Sometimes, more than one DNA sequence might be copied. Gel electrophoresis can be used to check whether or not this happened. If only the sequence of interest has been copied, you should get a single band in the gel (all the copied sequences will be the same size, and run the same distance through the gel). If more than one sequence has been copied, you will get more than one band (each band represents different sized DNA pieces). If you know the size of the DNA fragment that you were wanting to copy, you can match the bands up with the bands from a DNA ladder (a mixture of DNA pieces of different sizes which is also added to the gel). This will help you to identify the band containing the DNA of interest. The DNA can then be extracted from the gel and used.
Transcript
Anassuya Ramachandran (Faculty of Medical and Health Sciences, The University of Auckland)

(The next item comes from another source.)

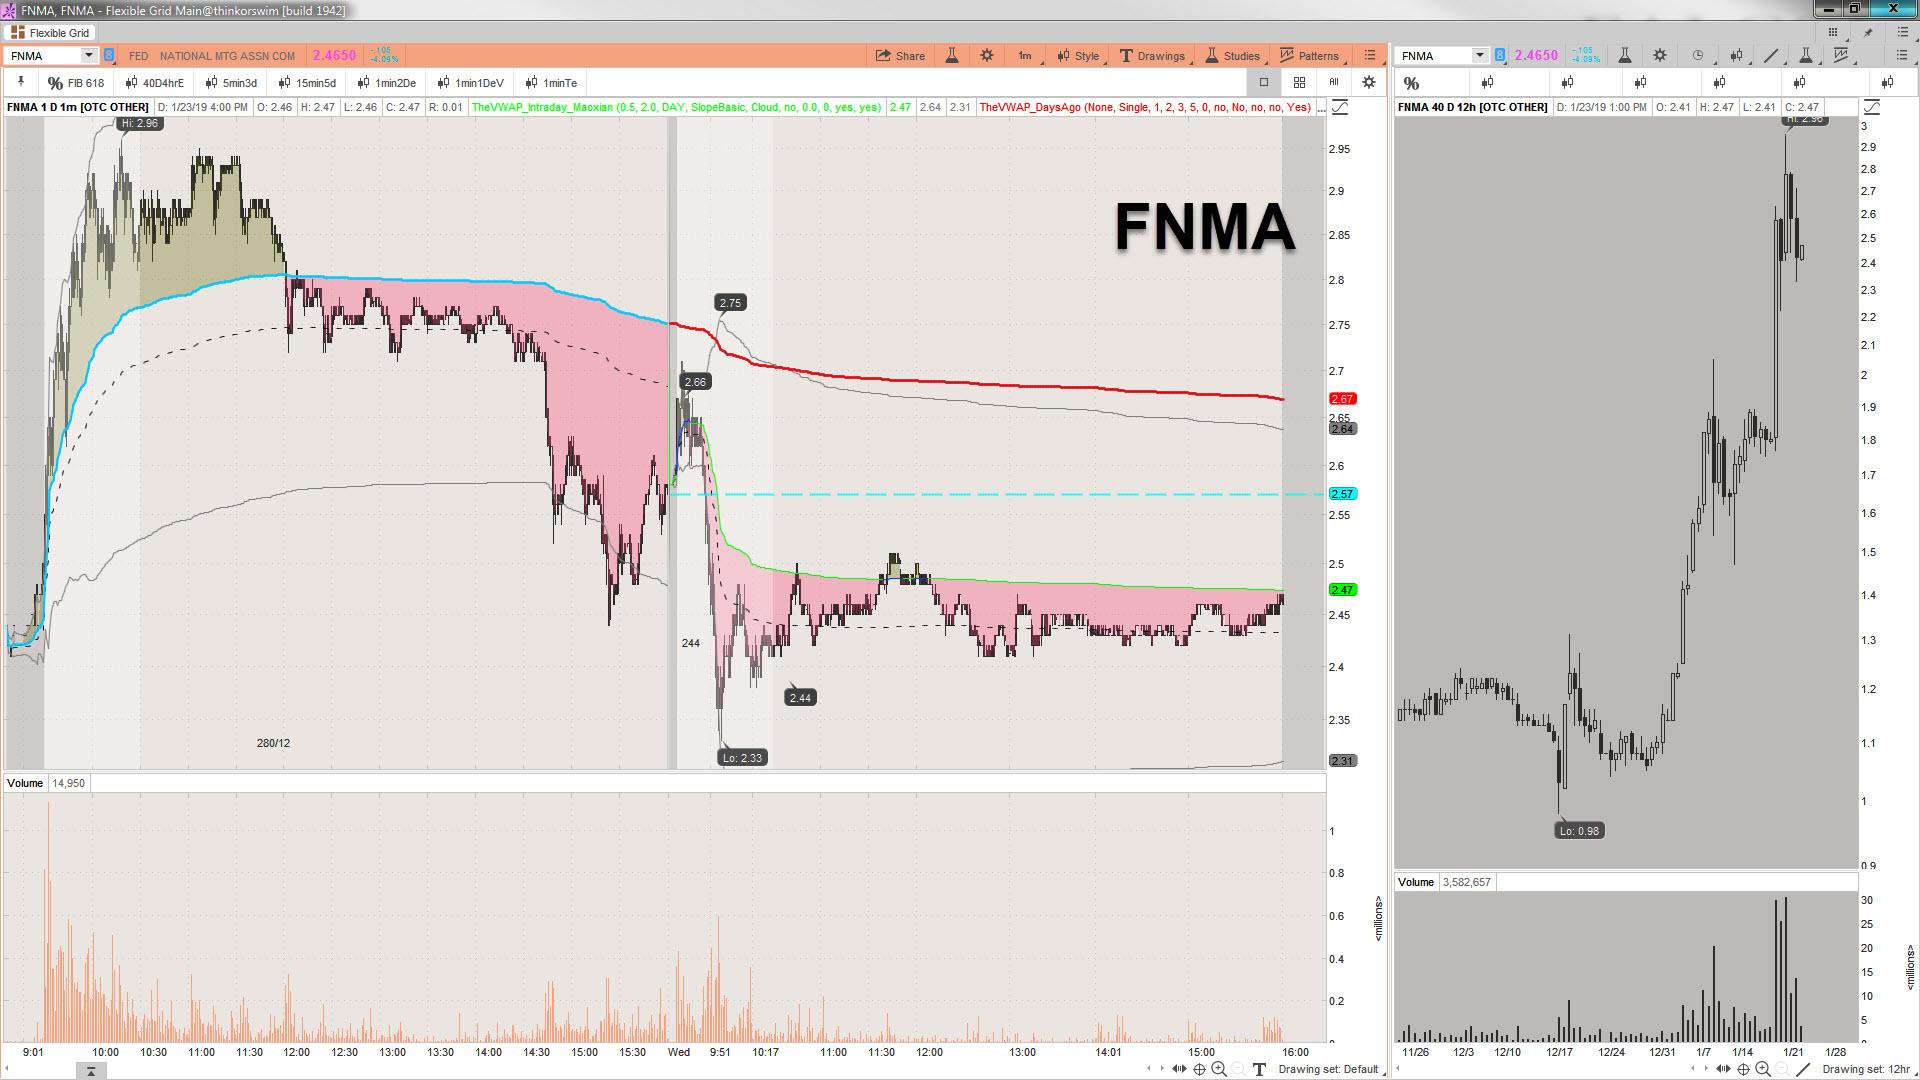 2019-01-23_16-17-32 FNMA.jpg

We had done a PCR earlier on in the day and we needed to actually see if the PCR has worked.
Dr Martin Philpott (Faculty of Medical and Health Sciences, The University of Auckland)
In theory a PCR should produce one product - the gene which you are interested in. In practice, nothing ever works quite that simply, and what you will find is you will have got multiple products produced.
Anassuya Ramachandran (Faculty of Medical and Health Sciences, The University of Auckland)
So to confirm that the PCR products are indeed there, we have to run it on the gel, and then photograph the gel. Then we can carry on analysing those fragments that we have.